Goal of the exercise
Without the pictures, write the listing below out again, line for line.

Data below

◇ ◇ ◇

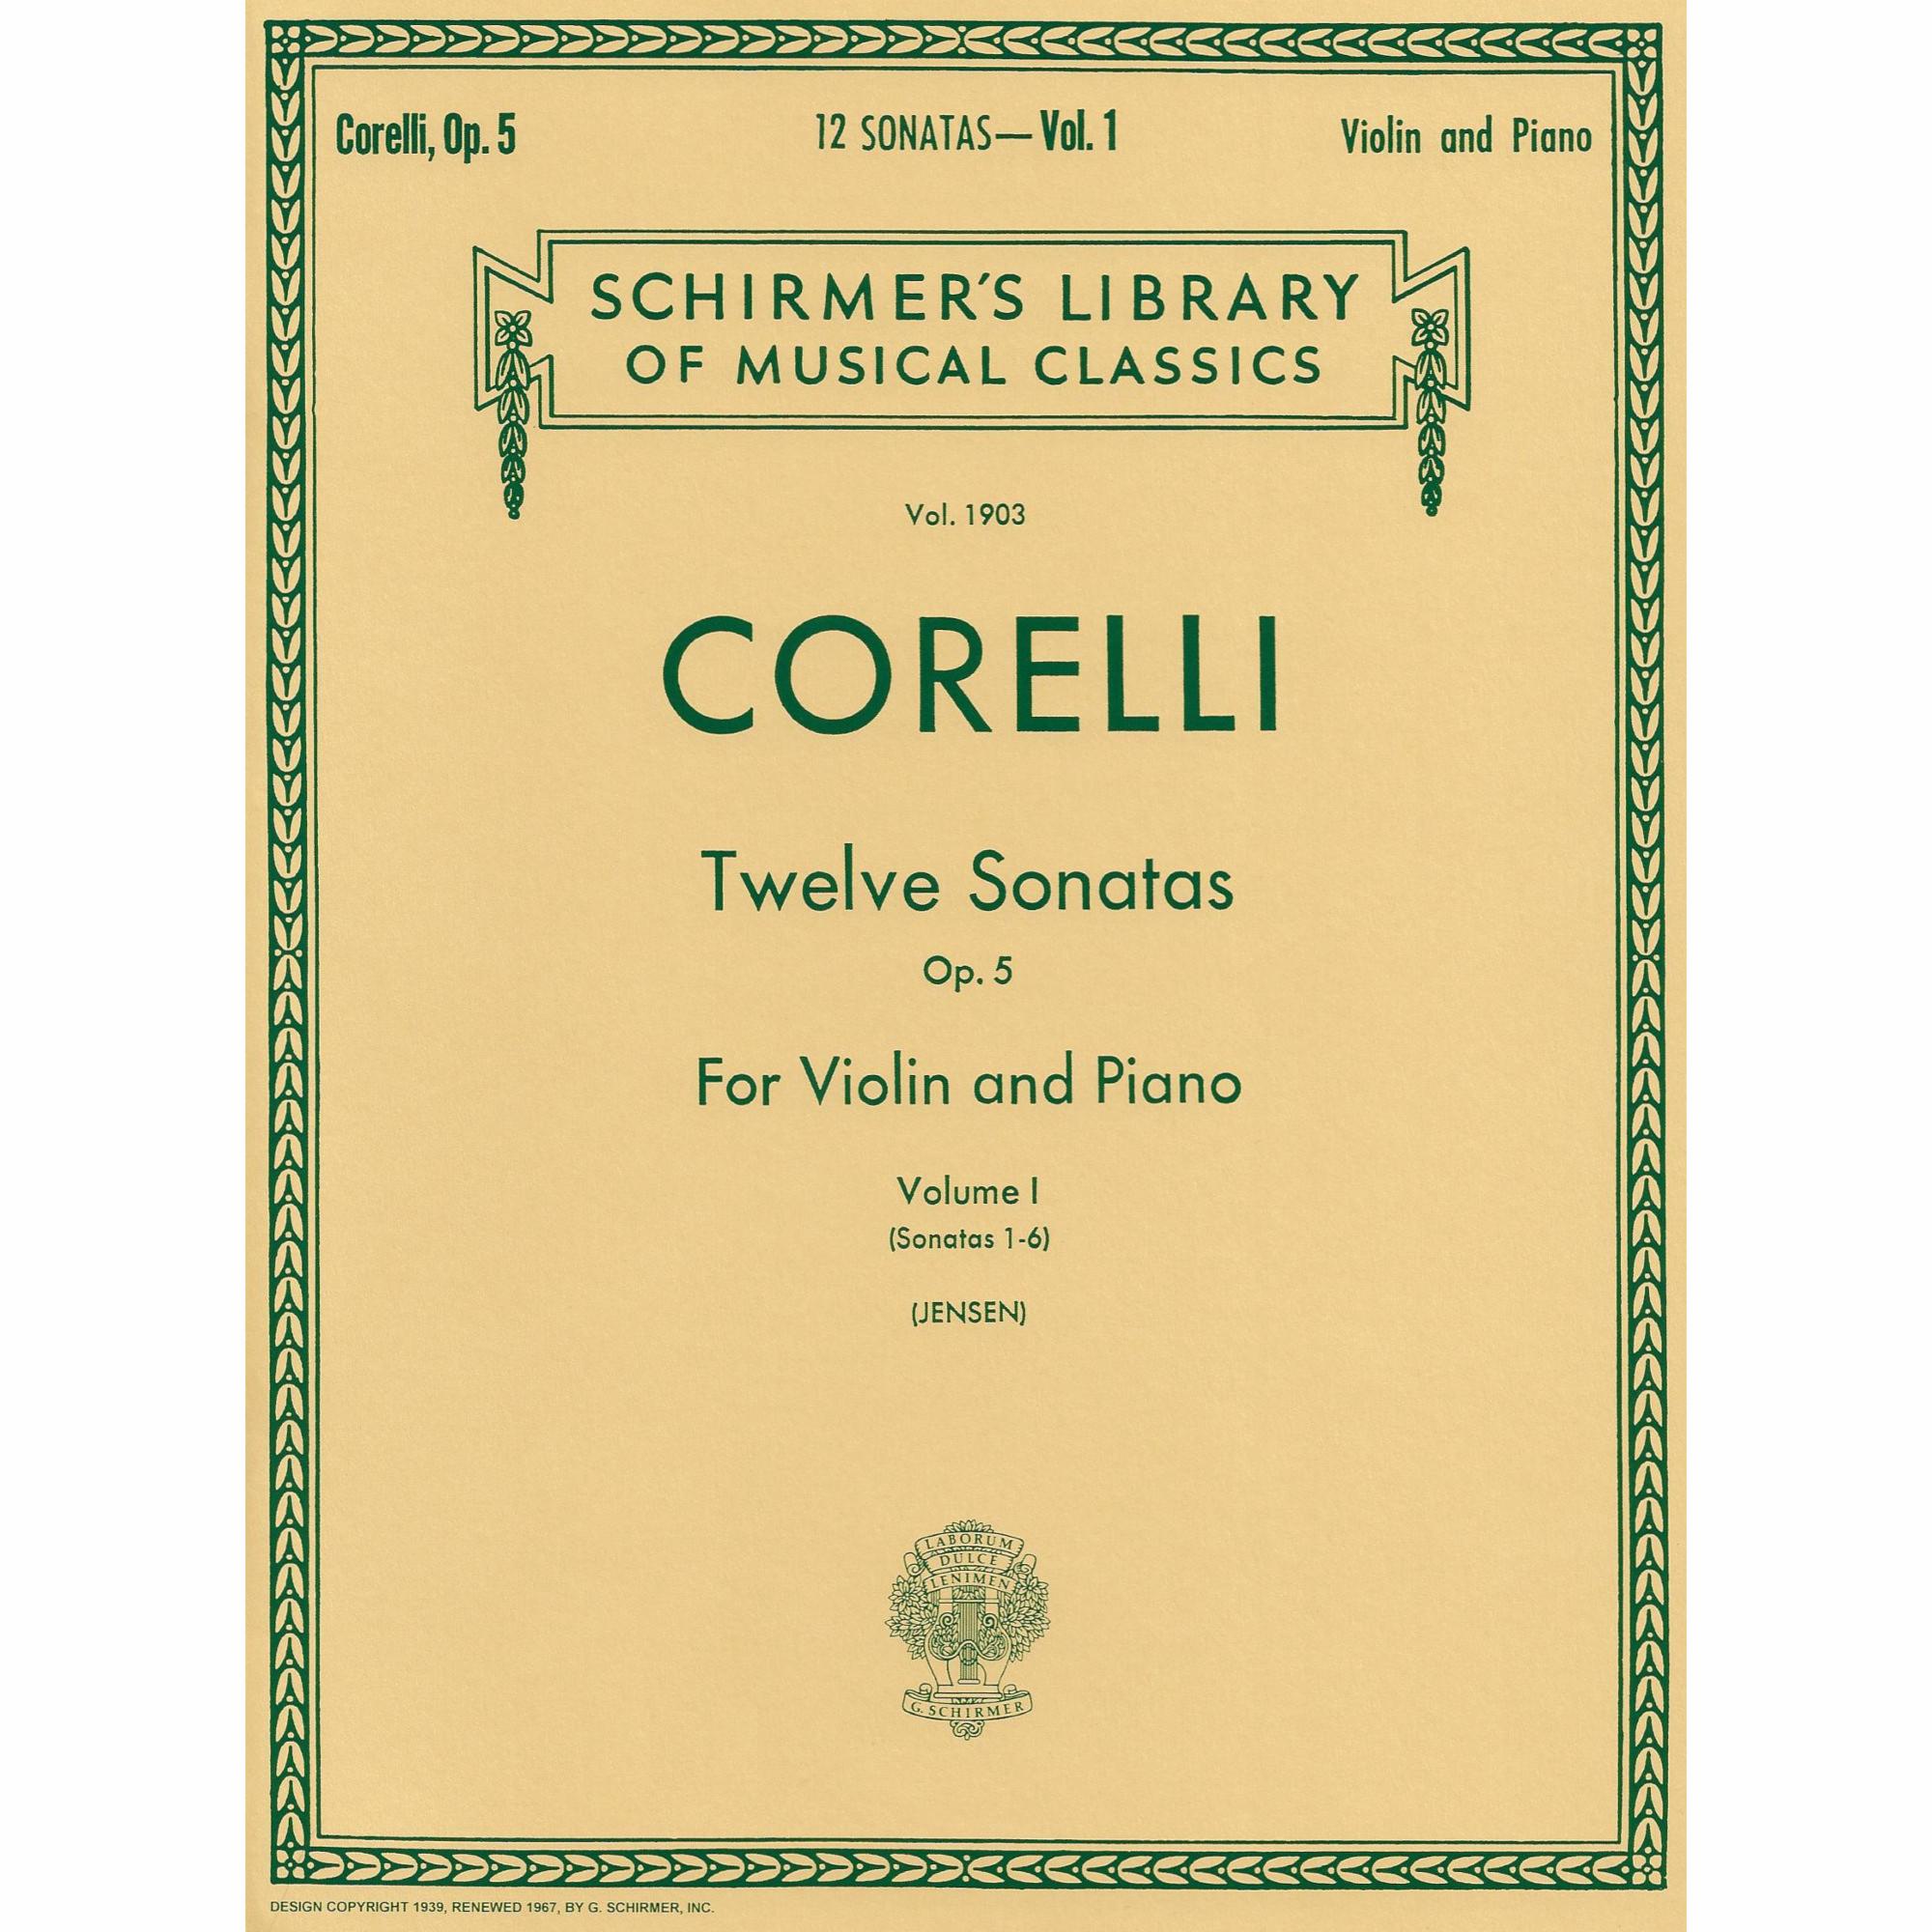 Corelli -- Twelve Sonatas, Op. 5, Vols. I & II for Violin and Piano
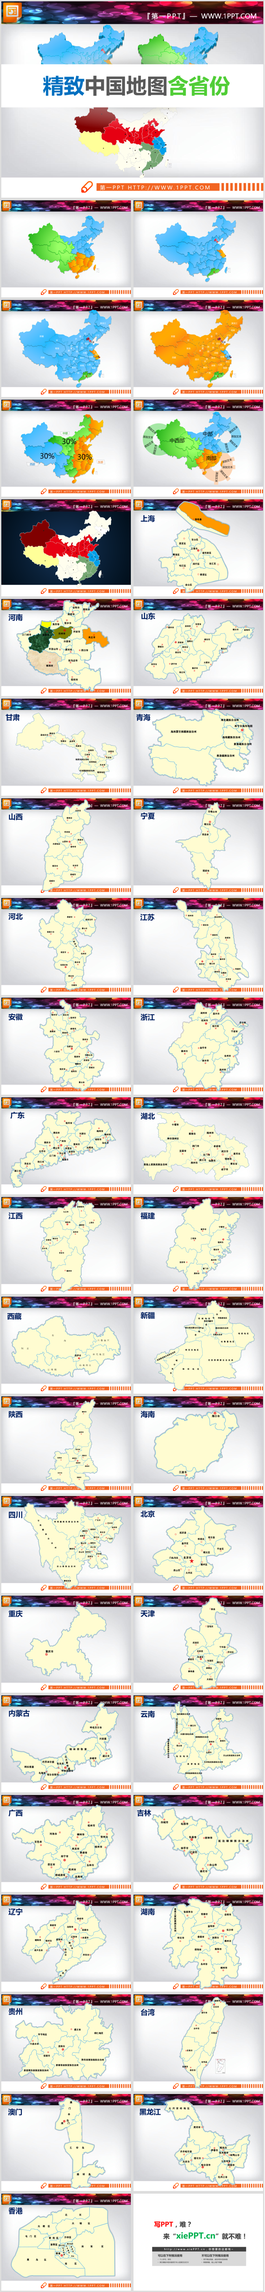 超级完整详细的包含各省份的中国地图PPT模板图表素材
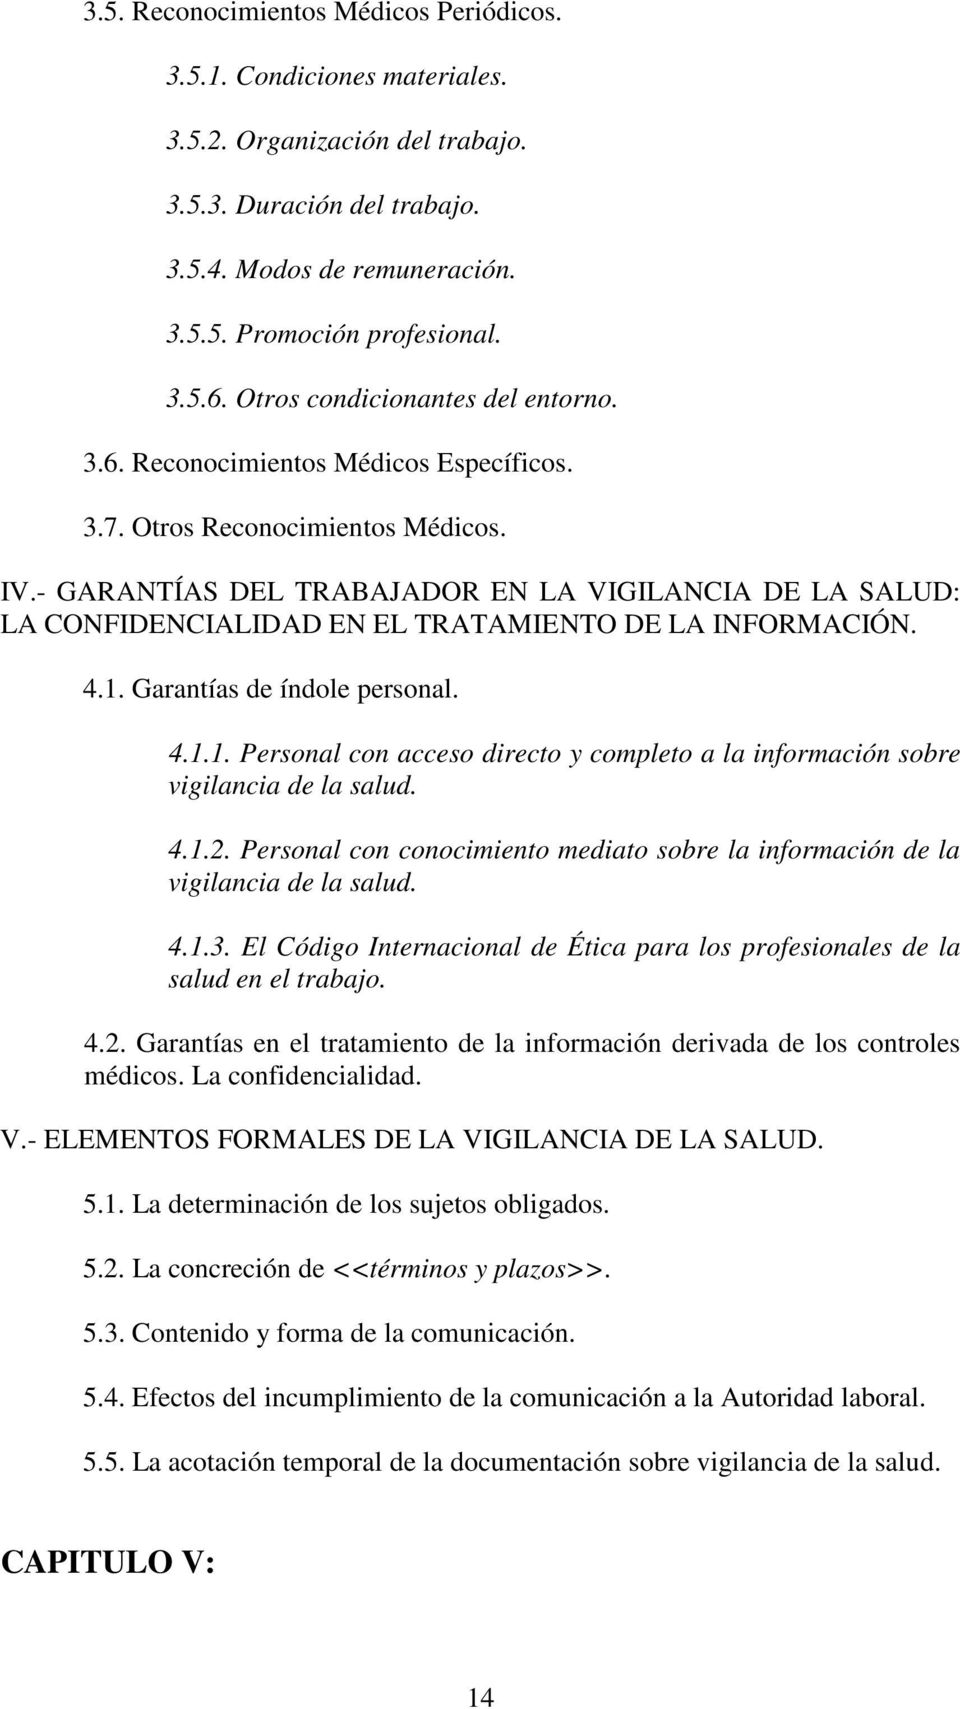 - GARANTÍAS DEL TRABAJADOR EN LA VIGILANCIA DE LA SALUD: LA CONFIDENCIALIDAD EN EL TRATAMIENTO DE LA INFORMACIÓN. 4.1.

◇ ◇ ◇

Your solution
 Corelli -- Twelve Sonatas, Op. 5, Vols. I & II for Violin and Piano
 超级完整详细的包含各省份的中国地图PPT模板图表素材
 - GARANTÍAS DEL TRABAJADOR EN LA VIGILANCIA DE LA SALUD: LA CONFIDENCIALIDAD EN EL TRATAMIENTO DE LA INFORMACIÓN. 4.1.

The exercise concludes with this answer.